ADM Korea plans to conduct clinical trials combining existing treatments with the oral niclosamide-based metabolic anticancer drug for all terminal cancer patients who have developed resistance to existing anticancer drugs. Initially, in August, ADM Korea will submit an IND to the Ministry of Food and Drug Safety of the Republic of Korea for a clinical study combining hormone therapy and the niclosamide-based metabolic anticancer drug in prostate cancer patients resistant to hormone therapy. ADM Korea received a proposal for this combination therapy clinical study from a domestic prostate cancer expert in mid-May. ADM Korea decided to conduct the clinical trial on prostate cancer patients first, as the number of prostate cancer patients is steadily increasing, there is no suitable treatment for patients resistant to hormone therapy, the clinical trial period for prostate cancer is relatively shorter (taking about four weeks), and higher therapeutic effects compared to other cancers can be expected.

According to a recent paper published in the Lancet, the number of prostate cancer patients worldwide is expected to more than double from 1.4 million in 2020 to 2.9 million in 2040. The global prostate cancer market is predicted to reach approximately 29.8 trillion KRW by 2025.

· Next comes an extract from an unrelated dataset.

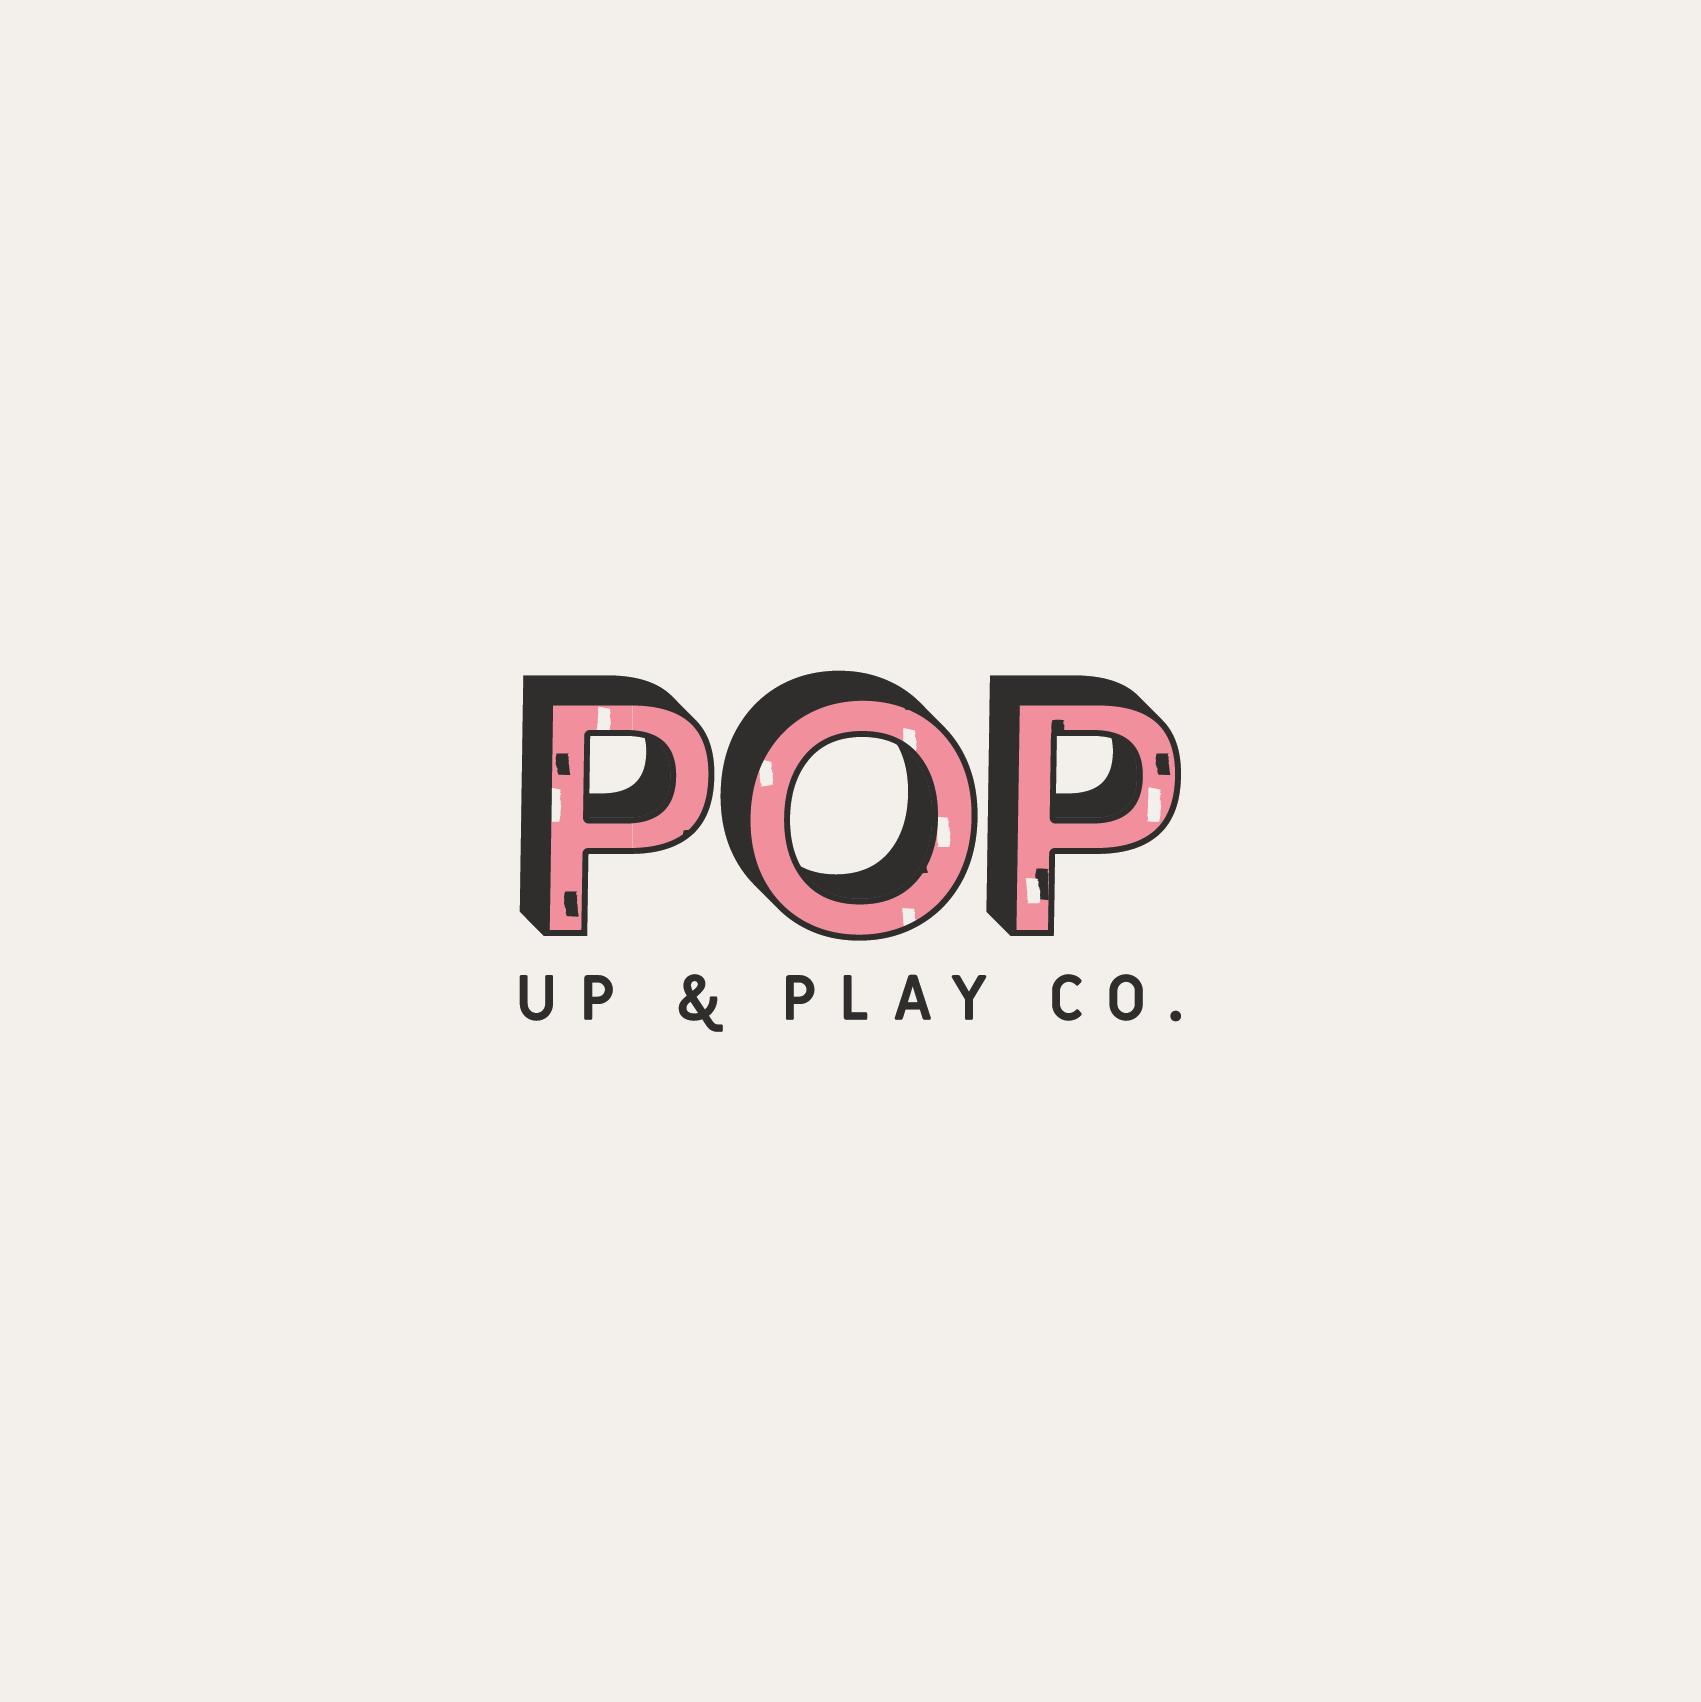 Pop Pink on Cream Sq@2x.png

Combining niclosamide with existing anticancer treatments is expected to solve the problem of drug resistance, significantly enhancing the effectiveness of anticancer therapy compared to single-agent treatments, and drastically improving the quality of life for cancer patients.

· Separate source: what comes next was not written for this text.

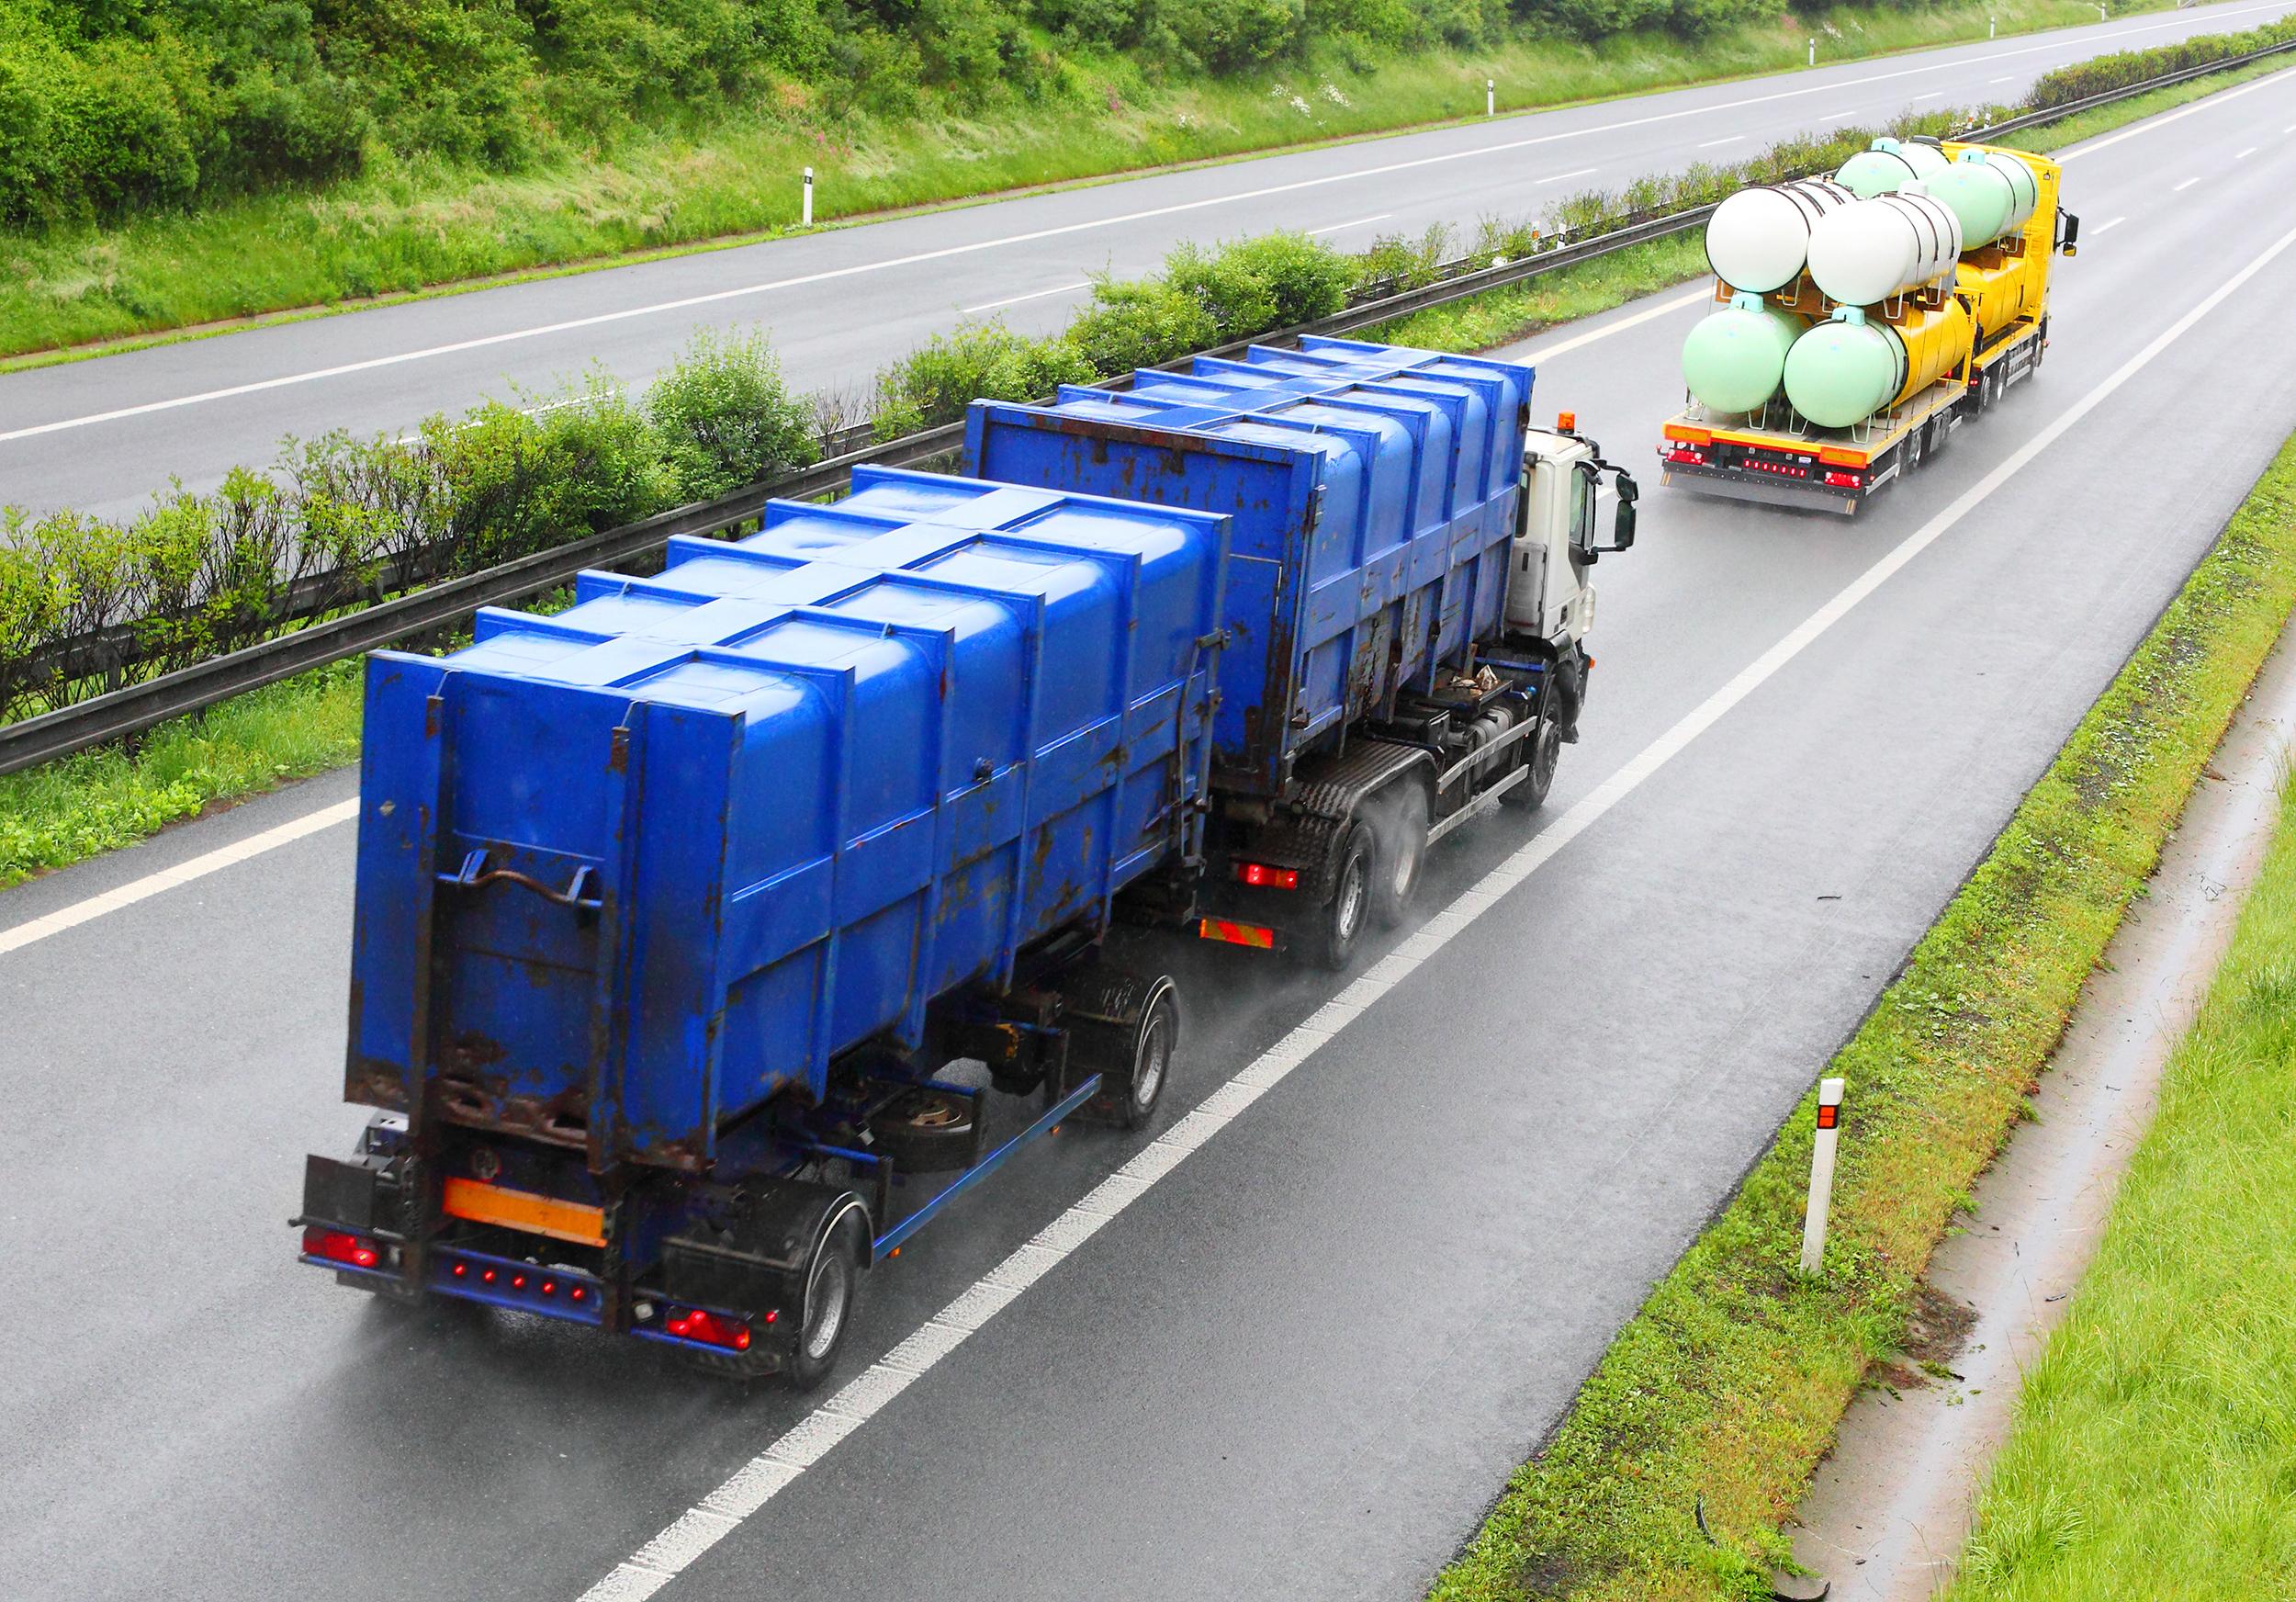 Toxic waste disposal trucks

Vice President of ADM Korea Jin Geun-woo said, "The clinical trial is designed to verify the safety and efficacy of combining niclosamide-based metabolic anticancer drug and hormone therapy in prostate cancer patients over four weeks by observing PSA levels. According to Clinical Cancer Research article {20.12 (2014)}, in animal models with tumors resistant to secondary hormone therapies for prostate cancer, enzalutamide alone reduced tumors by only about 5%, while the combination of niclosamide and enzalutamide resulted in a tumor reduction of about 72%. The niclosamide-based metabolic anticancer drug will mark a historic turning point in prostate cancer treatment."